Spieker Lab Members

Principal Investigator

Andrew Spieker is an Associate Professor of Biostatistics with research interests in causal inference, sensitivity analyses, and flexible modeling. Dr. Spieker’s lab is currently working on a number of important challenges in causal analysis of mobile health interventions and longitudinal effects of HIV medications.

 

Current Lab Members

Alexis Fleming is a Biostatistics PhD student entering her third year at Vanderbilt University with bachelor’s degrees in Statistics and Financial Economics from Gustavus Adolphus College. Her research interests include developing methods for causal inference and longitudinal analysis, with a particular focus on their applications to health policy.

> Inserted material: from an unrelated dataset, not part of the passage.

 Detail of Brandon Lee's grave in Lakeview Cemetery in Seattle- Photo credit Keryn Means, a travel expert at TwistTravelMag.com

Kaixing Liu is an MS student in biostatistics at Vanderbilt University, having earned a BS Biological Science (minors in Economics and Statistics) from Tsinghua University. His research interests are primarily in causal inference methods.

 

Lab Alumni

Jamie Joseph is a biostatistician at Henry Ford Heath. Her dissertation centered on instrumental variable and causal mediation-based methods for examining the role of engagement in mobile health interventions. Prior to studying at Vanderbilt, she received her MS in Analytics from Georgia Tech, and her BS from the College of William and Mary.

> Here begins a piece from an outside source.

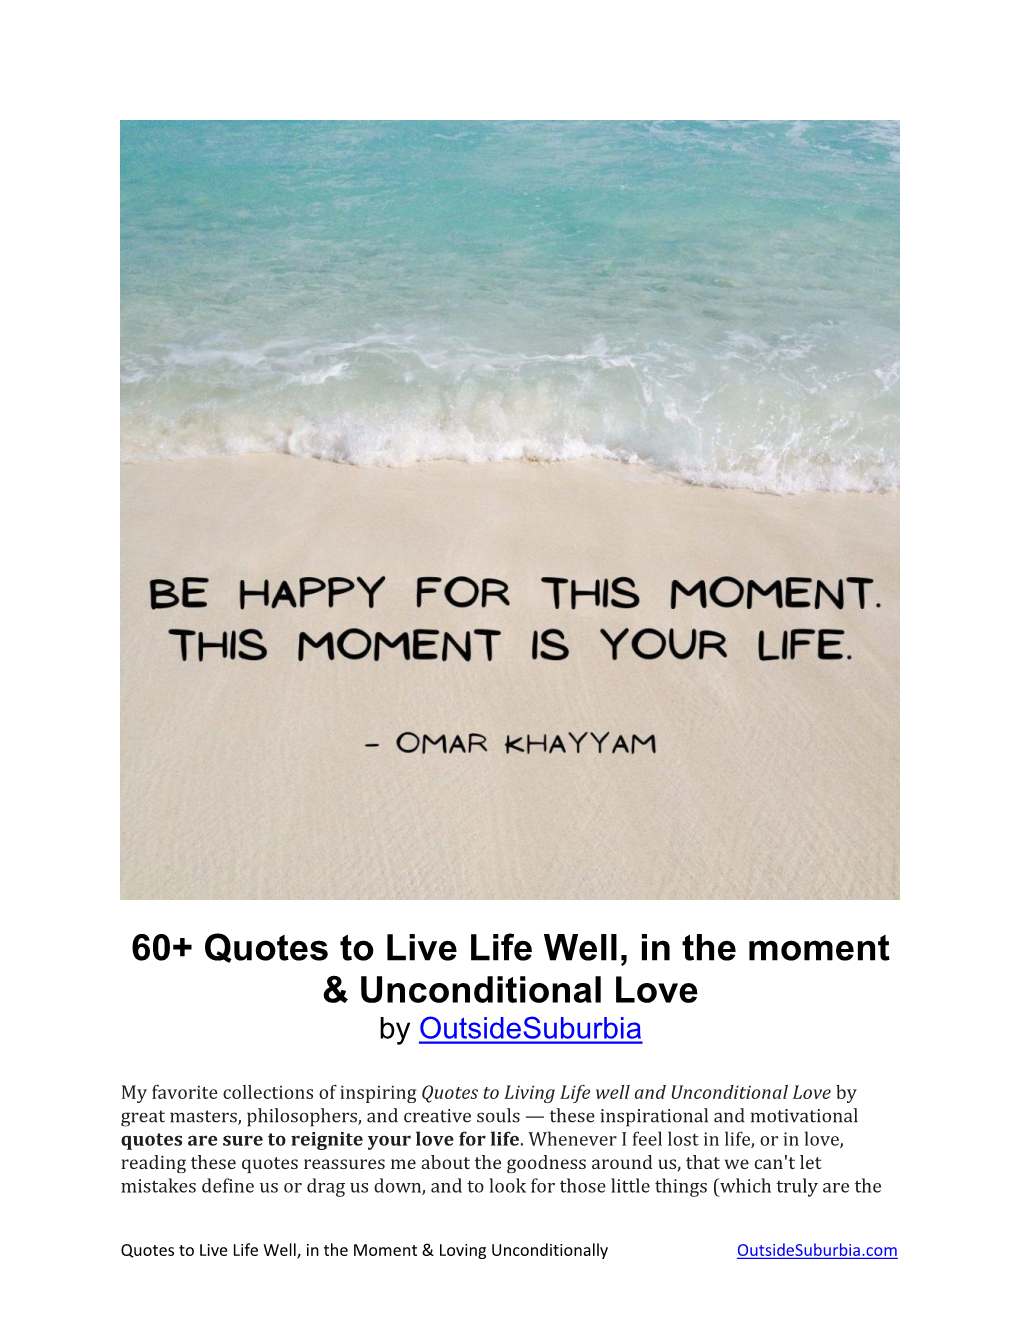 60+ Quotes to Live Life Well, in the Moment & Unconditional Love

Julia Whitman completed her masters in biostatistics at Vanderbilt University. Her research focused on identifying properties of variance estimators in finite samples. Other areas of interest include methods and applications for clinical trial efficiency, health policy, adaptive trials and large-scale platform studies.

Nicholas Micheletti is a biostatistician working with the NIH at the Center for Cancer Research. Nick graduated from Vanderbilt University with a MS in Biostatistics in 2024; his thesis was entitled “The Second Generation Acceptability Curve: A Novel Visualization Approach to Cost-Effectiveness Analysis.”

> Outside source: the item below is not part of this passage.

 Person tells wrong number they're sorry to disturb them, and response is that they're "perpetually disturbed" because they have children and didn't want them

Nate Dowd graduated with an MS in Biostatistics from Vanderbilt University and is currently a Research Statistician at the Frist Center for Autism and Innovation. His research interests include statistical modeling, causal inference, machine learning, R, data visualization. He has expertise in receiver operating characteristic (ROC) methods and has explored parametric, semi-parametric, and non-parametric approaches to ROC estimation and regression.

Jackson Resser is a biostatistician at Vanderbilt University Medical Center. His current work involves collaborations on several infectious disease projects studying influenza, RSV, and COVID-19. His roles range from data management to data analysis. Prior to his current position, he studied at Vanderbilt University under the advisory of Dr. Spieker. His thesis work involved developing a risk score framework for predicting RSV severity among a population of infants.

Caroline Birdrow is a biostatistician in the Department of Biostatistics at Vanderbilt University Medical Center. She received her Master of Science in Biostatistics from Vanderbilt University in 2021 and her Bachelor of Arts in Mathematics from Washington and Lee University in 2016.  She currently collaborates with the Critical Illness, Brain Dysfunction and Survivorship (CIBS) Center on management of data and the statistical analyses of a variety of studies pertaining to delirium in the ICU.

Aaron Lee is a biostatistician in the Department of Biostatistics at Vanderbilt University Medical Center. He completed his MS degree in Biostatistics from Vanderbilt University in 2021; his thesis was entitled “The Impact of Inherent Measurement Error in the Hemagglutination Inhibition Assay for the Evaluation of Vaccine Immunogenicity.”